Our opinions above are subject to (i) the effects of bankruptcy, insolvency, fraudulent conveyance, reorganization, moratorium, and other similar laws relating to or affecting creditor’s rights generally, (ii) general equitable principles (whether considered in a proceeding in equity or at law), (iii) the exercise of judicial discretion in accordance with principles of equity and (v) an implied covenant of good faith and fair dealing.
We are members of the Bar of the State, and we do not express any opinion herein concerning any law other than the law of the State.

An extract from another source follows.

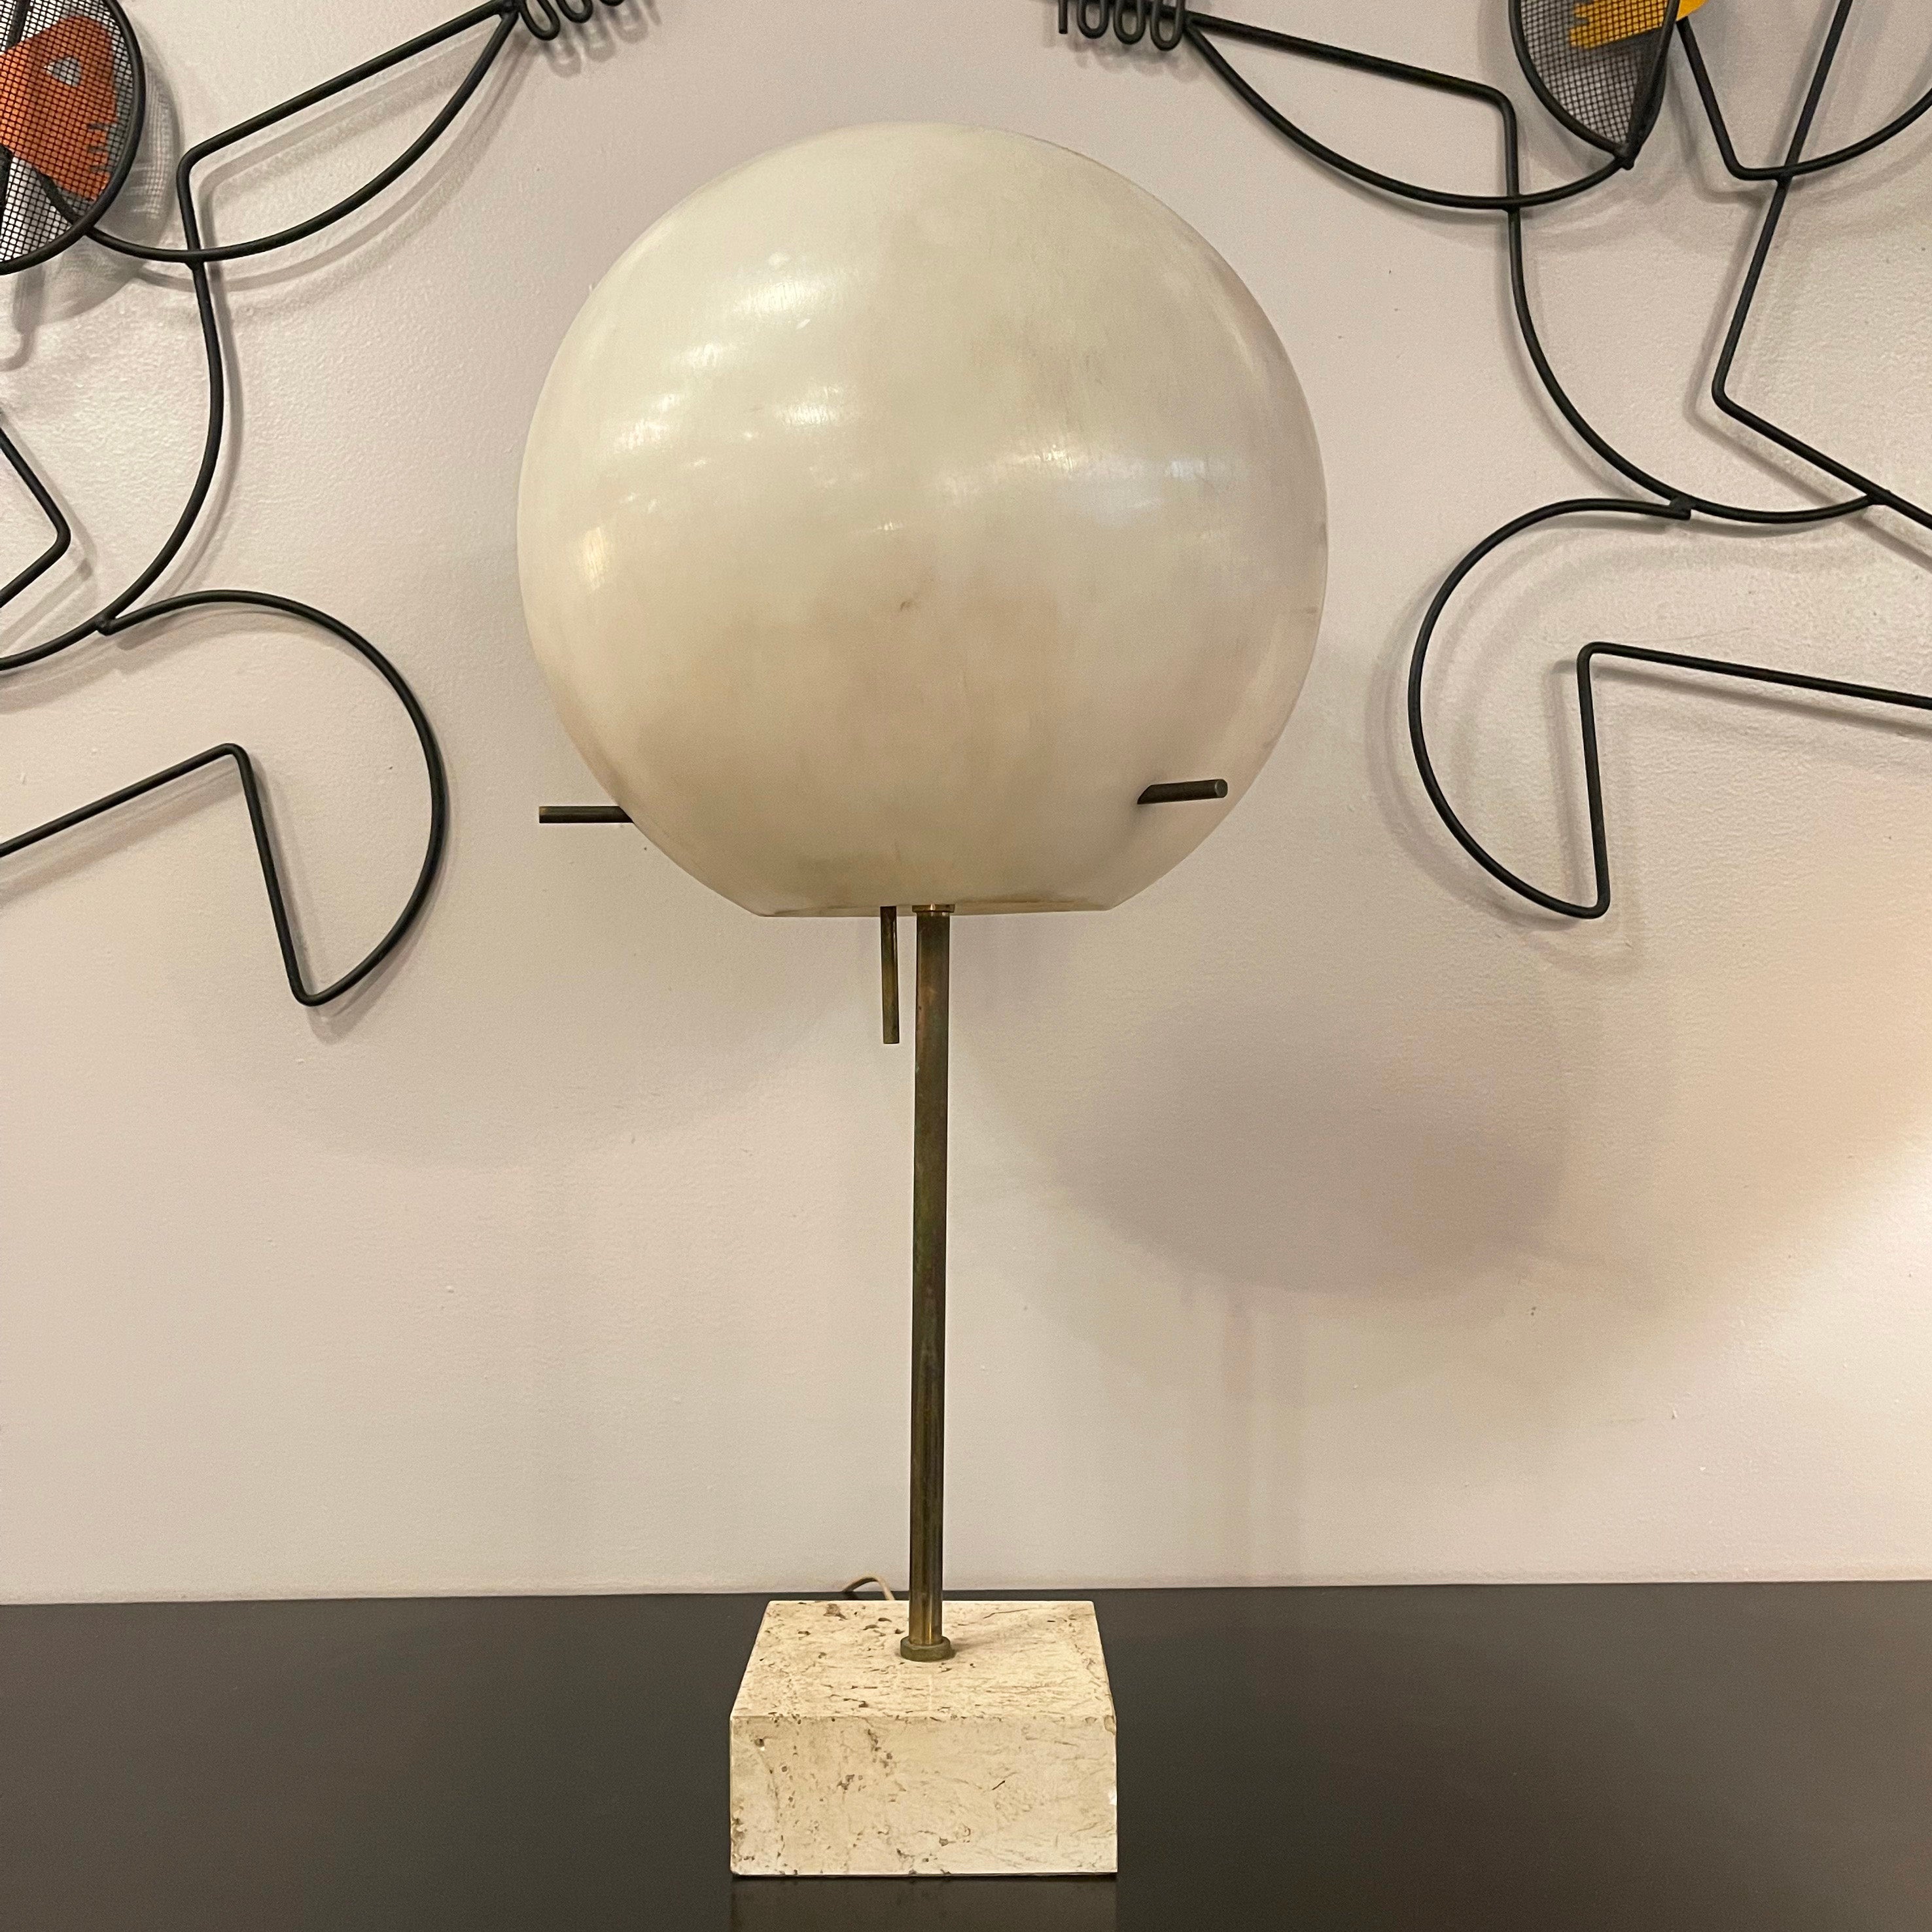 La lampe de table lollipop de Paul Mayen pour Habitat, de style moderniste du milieu du siècle dernier, est composée d'un abat-jour globe en polypropylène épais et d'une tige en laiton patiné sur une base carrée en travertin de 5,25 pouces.

This opinion is rendered as of the date of this letter, and we express no opinion as to circumstances or events which may occur subsequent to such date. This opinion is rendered to you in connection with the transactions described above. We hereby consent to any reliance on this opinion letter and the opinions provided herein by the law firm Simpson Thacher & Bartlett LLP in connection with the legal opinion provided by that law firm that is in included as an exhibit to the Registration Statement. Additionally, we hereby consent to the filing of this opinion letter as an exhibit to the Registration Statement and to the reference to our firm under the heading “Legal Matters” in the prospectus contained in the Registration Statement. In giving this consent, we do not hereby admit that we are in the category of persons whose consent is required under Section 7 of the Securities Act of 1933, as amended, or the rules and regulations of the Commission thereunder.